Hey bud, 2 yrs ago I bought a Honda rincon...Best atv for plowing IMO. The trans has a torque converter...just like your truck/car put it in D and you have 3 foward gears,N (self explained, R reverse with a pretty fast limiter. It will always be in the right gear, and no belts to slip. I also have a 2007 polaris rzr with a 60" Moose county blade. If you plan on plowing anything other than driveways get the county blade...TRUST ME ON THIS!!! If you get anything over 4" ish...straight blade doesn't throw far enough. I started my company with 2 atv's and look what I have now!!!payup Any more questions...feel free.


----------



## EaTmYtAiLpIpEs (Aug 23, 2007)

mercer_me;790602 said:


> You mite want to look into getting a truck with a plow. But I have a 2004 Arctic Cat 500 4x4 with a 60'' plow. Your going to need a 500cc or bigger with 4wd and a 60'' plow IMO. I like Arctic Cat they are very tough machines. But your going to get lots of diferent opinions.

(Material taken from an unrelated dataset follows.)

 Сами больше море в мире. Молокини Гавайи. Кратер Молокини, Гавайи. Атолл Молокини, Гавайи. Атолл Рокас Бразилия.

I think like mercer said this might start a fight but I also think arctic cat is the best. I have an older one tho. I have 2 2000 arctic cat 500 4x4's. And these older ones are tough!!! and the newer ones are too.


----------



## shtuk (Sep 7, 2008)

One more vote for Arctic Cat. I plow the roads around my house with a 60" blade. I'm making actuated 16" wings for both sides this years so I can plow even more. The AC's are heavier than most other machines (in their respective classes) so better traction.


----------



## EaTmYtAiLpIpEs (Aug 23, 2007)

shtuk;790988 said:


> One more vote for Arctic Cat. I plow the roads around my house with a 60" blade. I'm making actuated 16" wings for both sides this years so I can plow even more. The AC's are heavier than most other machines (in their respective classes) so better traction.

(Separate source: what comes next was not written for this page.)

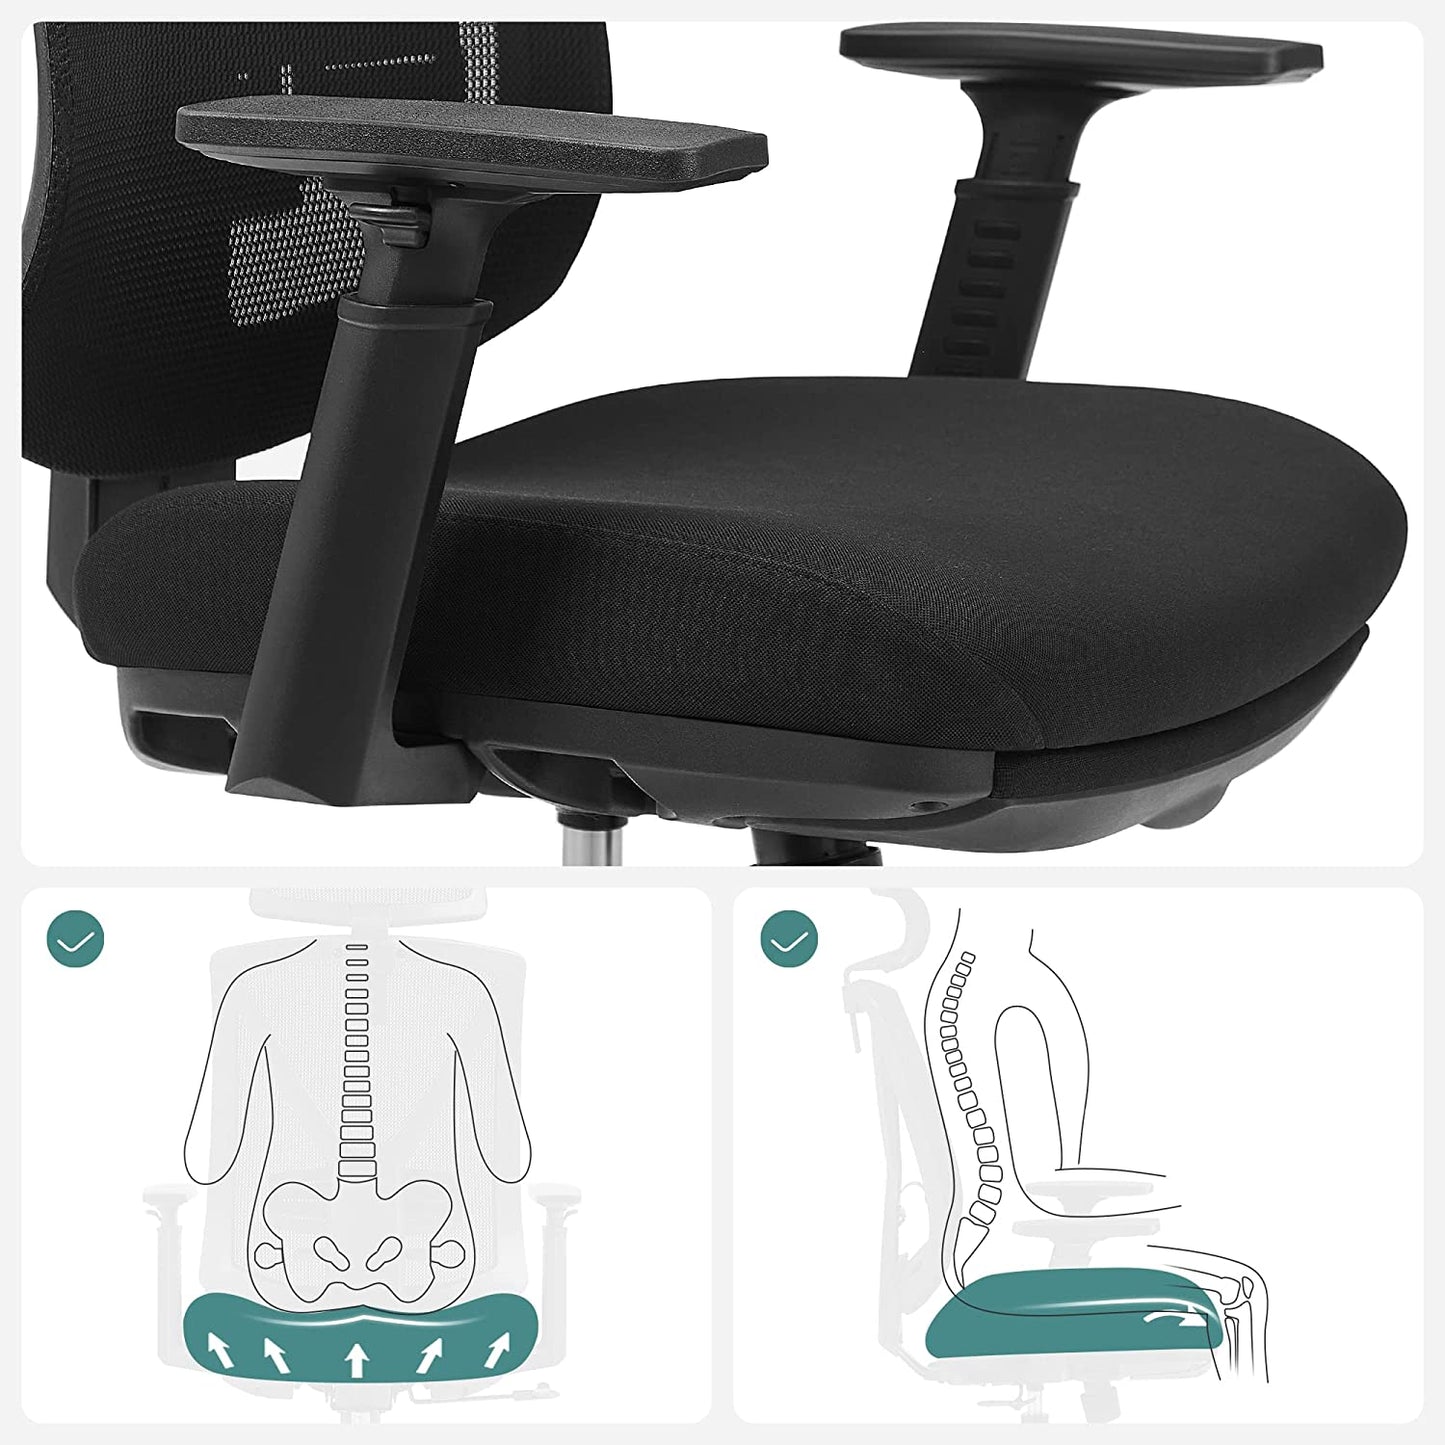 Le confort de la chaise est assuré par des dispositifs de réglage et de fixation de l'assise, du dossier et des accoudoirs dans différentes positions.

yep much heavier. mine weighs around 100-150lbs more then other machines in the 500 class. and so are the newer ones. and even tho they are heavier they are still pretty quick too


----------



## S-205 (Feb 27, 2009)

One more for Arctic Cat, they are tough. I have a grizzly 660 with a 54`` blade, but I haven`t had a chance to use it yet. Low gear can be helpful too as well as diff lock. So look for that.


----------



## barker34 (Aug 8, 2009)

i have a 2003 suzuki eiger 400 that i plow with. it has a 5ft highway plow on it and its great. i have the heavy duty gorilla winch and its great


----------



## Badgerland WI (Dec 3, 2008)

mcurtola;790596 said:


> Hey Guys new to the site here.
> Live in Vancouver Canada and im gonna start a side business Plowing in the winter!
> What ATV do you guys think is best that can handle the work load (brand, etc)
> lots of residential and townhouse complexes also strip malls!!!!


Mike,

You might want to consider a Mini Truck as they are street legal in your neck of the woods. You get the tight turning radius and added weight potential which works out great for the locations you will be plowing. You can get some basic information HERE

Shoot me an email if you have more questions.


----------



## STREETGLIDE (Aug 20, 2009)

I have a 2008 suzuki kingquad 400 with a 48 inch plow works great for me with plenty of power. Manual shift.


----------



## IPLOWSNO (Oct 11, 2008)

god dam it you guys we already fought this out and it;s honda plain and simple, the problem is you meet the nicest people on a honda, but they don't brag, i'm not one of them people but caught on early in life THEY ARE THE BEST, hahaha

gotta love the way the rincon shifts, for the guys that don't know it's like a monster truck , no ****


----------



## plowboss (Oct 29, 2002)

found a brand new 2007 polaris 800 sportsman wth a 60" polaris plow, do walks that measure about 3500 lin ft by 6 ft wide every time it snows, works awesome. but we are able to store it on site in a heated space, so no starting issues. don't know if there would be any starting issues if it was stored in a non heated area. but it works great, troublefree first year. i'll update as winter goes on.


----------